Gesundheitswesen 2013; 75 - A157
DOI: 10.1055/s-0033-1354124

Risiko und Risikokompensation im Lebenslauf. Eine erweiterte ungleichheitssoziologische Perspektive

M Diewald 1, R Schunck 1
  • 1Fakultät für Soziologie, Universität Bielefeld

Mit dem Konzept von Risiko und Risiko-Kompensation wird ein bisher wenig verbreiteter Ansatz vorgestellt, um die Entwicklung sozialer Ungleichheiten im Lebenslauf theoretisch und empirisch zu analysieren. Risiken im Lebensverlauf umfassen sowohl diskrete, einschneidende Ereignisse, wie bspw. den Arbeitsplatzverlust oder Perioden von Arbeitslosigkeit, die Bildung oder Auflösung von Partnerschaften oder die Geburt eines Kindes, als kleinere und konstanter auftretende Ereignisse oder Lebensbedingungen, wie bspw. die Belastungen und Gratifikationen in Beschäftigungsbeziehungen, denen Personen durch die Einbettung in ihre (soziale) Umwelt ausgesetzt sind. Sowohl die Auftrittswahrscheinlichkeit als auch die Inzidenz und Dauer dieser Risiken sowie Möglichkeiten sie zu kompensieren sind sozial strukturiert. Die Auswirkungen dieser Risiken im Lebenslauf werden dabei durch Interaktionen zwischen individuellen Faktoren sowie der (sozialen) Umwelt auf mehreren Ebenen moderiert.
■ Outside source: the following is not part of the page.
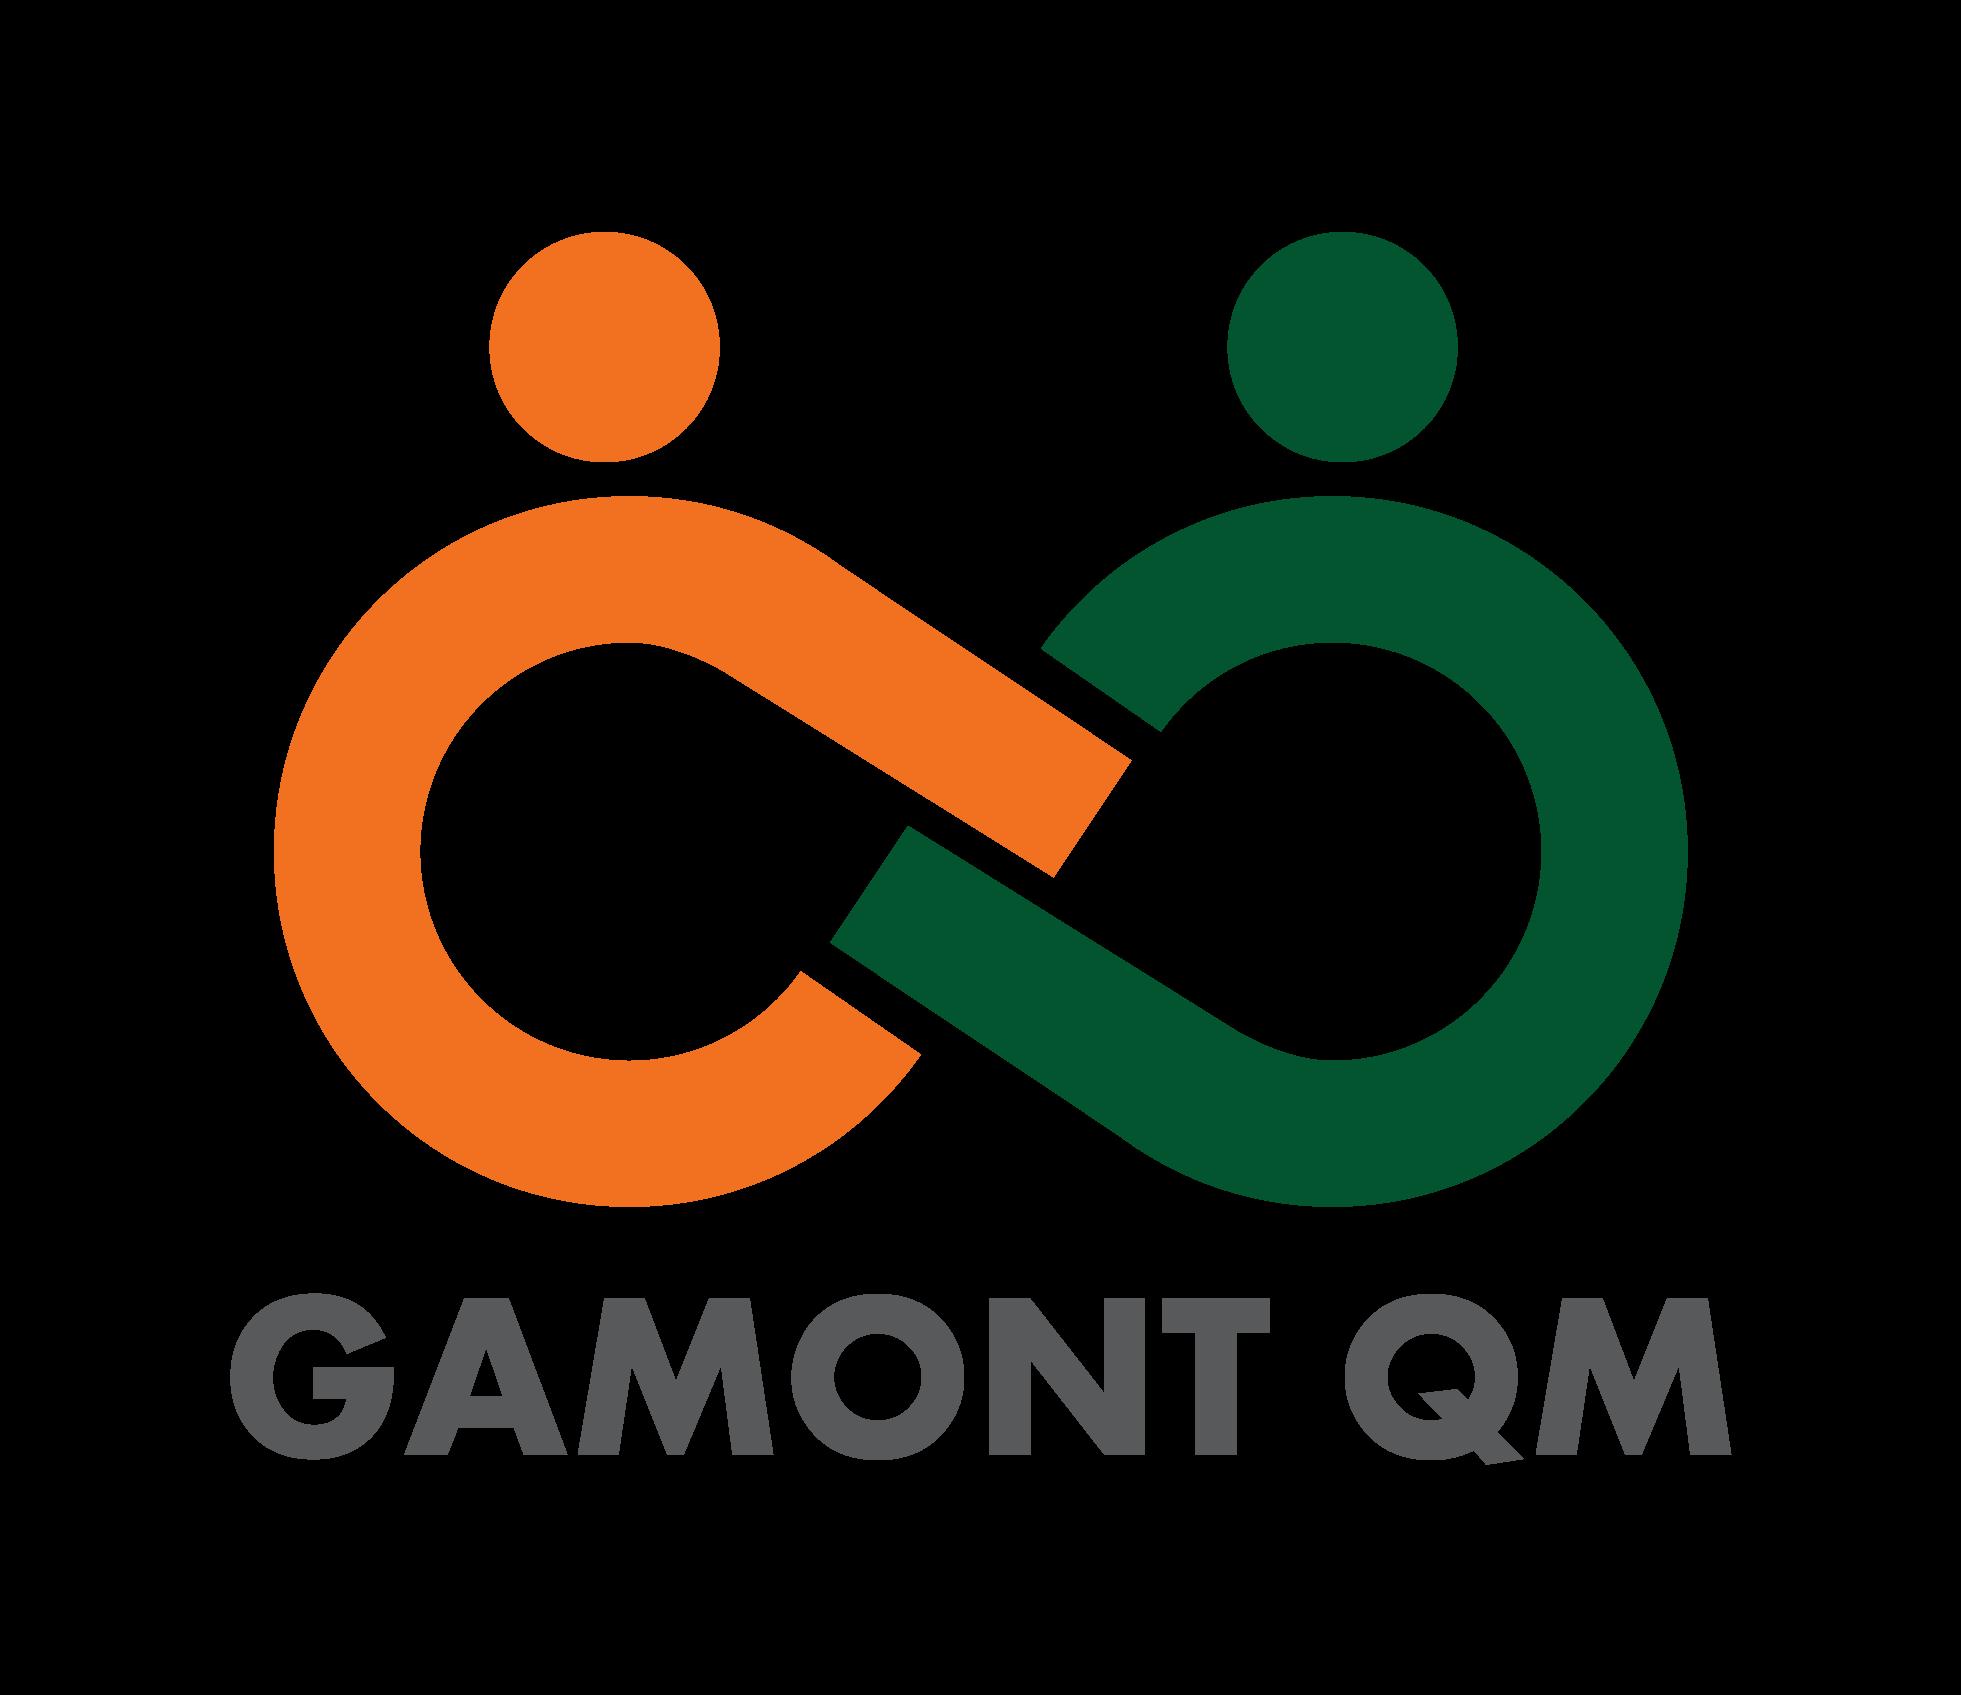 GAMONT QM

Unterschiedliche wohlfahrstaatliche Arrangements, Eigenschaften der individuellen Nahumgebung, individuelle Ausstattungen mit Ressourcen und Kapitalien, psychische und auch genetische Faktoren führen zu heterogenen Auswirkungen der erlebten Risiken. Ein entscheidender Vorteil des Konzepts von Risiko und Risiko-Kompensation ist, einen einheitlichen Rahmen zur Verfügung zu haben, der mit genetischer Variation beginnt, sowohl psychische und somatische Entwicklung als auch Stationen des Lebenslaufs umfasst und bis zur Genese und Kompensation von Risiken durch den Wohlfahrtsstaat reicht. Implikationen für die Gesundheitsforschung werden beispielhaft angedeutet.